* Exercise aim *
Find every line of the records that has "Project" and return it.

╭─ Supplied records

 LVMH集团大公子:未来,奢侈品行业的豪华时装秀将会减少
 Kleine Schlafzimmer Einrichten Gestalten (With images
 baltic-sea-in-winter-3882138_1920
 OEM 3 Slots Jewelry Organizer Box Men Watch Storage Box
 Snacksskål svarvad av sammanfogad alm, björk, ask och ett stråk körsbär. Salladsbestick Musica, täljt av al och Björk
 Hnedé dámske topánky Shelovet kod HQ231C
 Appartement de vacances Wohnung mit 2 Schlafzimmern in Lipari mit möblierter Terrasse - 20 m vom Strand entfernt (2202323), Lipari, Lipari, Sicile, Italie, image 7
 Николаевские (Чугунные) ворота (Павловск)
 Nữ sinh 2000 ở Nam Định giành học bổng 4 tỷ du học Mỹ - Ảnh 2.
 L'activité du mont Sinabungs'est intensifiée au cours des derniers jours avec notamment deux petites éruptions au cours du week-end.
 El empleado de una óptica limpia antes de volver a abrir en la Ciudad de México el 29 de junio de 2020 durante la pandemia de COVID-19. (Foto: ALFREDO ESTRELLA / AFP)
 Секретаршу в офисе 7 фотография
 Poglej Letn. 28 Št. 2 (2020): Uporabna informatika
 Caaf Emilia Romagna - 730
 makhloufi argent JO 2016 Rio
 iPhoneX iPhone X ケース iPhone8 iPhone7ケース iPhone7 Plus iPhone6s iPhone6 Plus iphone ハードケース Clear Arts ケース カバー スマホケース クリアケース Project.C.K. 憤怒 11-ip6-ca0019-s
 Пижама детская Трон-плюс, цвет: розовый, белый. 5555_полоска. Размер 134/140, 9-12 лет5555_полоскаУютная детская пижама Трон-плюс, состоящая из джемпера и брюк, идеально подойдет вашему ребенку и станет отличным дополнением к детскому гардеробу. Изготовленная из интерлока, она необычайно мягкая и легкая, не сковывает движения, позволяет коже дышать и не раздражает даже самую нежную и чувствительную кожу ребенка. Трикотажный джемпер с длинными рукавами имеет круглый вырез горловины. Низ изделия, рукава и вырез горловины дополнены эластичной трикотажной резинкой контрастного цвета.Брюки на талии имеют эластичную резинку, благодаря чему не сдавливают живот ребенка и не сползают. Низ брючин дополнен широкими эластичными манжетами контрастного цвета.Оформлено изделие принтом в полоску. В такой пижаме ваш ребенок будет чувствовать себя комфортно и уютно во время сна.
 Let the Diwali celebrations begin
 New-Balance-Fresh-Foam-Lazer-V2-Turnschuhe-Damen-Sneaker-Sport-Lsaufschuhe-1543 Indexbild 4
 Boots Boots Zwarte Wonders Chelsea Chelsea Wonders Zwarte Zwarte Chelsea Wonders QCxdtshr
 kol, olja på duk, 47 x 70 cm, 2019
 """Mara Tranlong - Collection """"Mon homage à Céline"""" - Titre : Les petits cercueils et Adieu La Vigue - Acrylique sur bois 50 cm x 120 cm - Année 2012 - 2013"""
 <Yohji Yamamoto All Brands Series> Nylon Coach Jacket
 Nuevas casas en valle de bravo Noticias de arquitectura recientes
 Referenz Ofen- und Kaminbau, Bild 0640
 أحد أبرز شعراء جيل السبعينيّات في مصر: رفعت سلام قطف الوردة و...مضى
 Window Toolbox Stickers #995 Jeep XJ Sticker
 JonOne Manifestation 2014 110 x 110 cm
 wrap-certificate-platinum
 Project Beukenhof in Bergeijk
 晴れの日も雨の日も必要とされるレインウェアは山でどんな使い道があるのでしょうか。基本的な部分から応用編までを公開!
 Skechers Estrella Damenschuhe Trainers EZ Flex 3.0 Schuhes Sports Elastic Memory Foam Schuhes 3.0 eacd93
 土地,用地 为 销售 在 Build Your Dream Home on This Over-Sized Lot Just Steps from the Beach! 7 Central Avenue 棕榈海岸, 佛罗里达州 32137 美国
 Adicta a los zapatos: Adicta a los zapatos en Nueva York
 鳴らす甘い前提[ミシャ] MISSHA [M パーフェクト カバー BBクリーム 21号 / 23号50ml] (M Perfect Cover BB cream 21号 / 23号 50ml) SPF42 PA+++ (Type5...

╰─

* Finished task *
 iPhoneX iPhone X ケース iPhone8 iPhone7ケース iPhone7 Plus iPhone6s iPhone6 Plus iphone ハードケース Clear Arts ケース カバー スマホケース クリアケース Project.C.K. 憤怒 11-ip6-ca0019-s
 Project Beukenhof in Bergeijk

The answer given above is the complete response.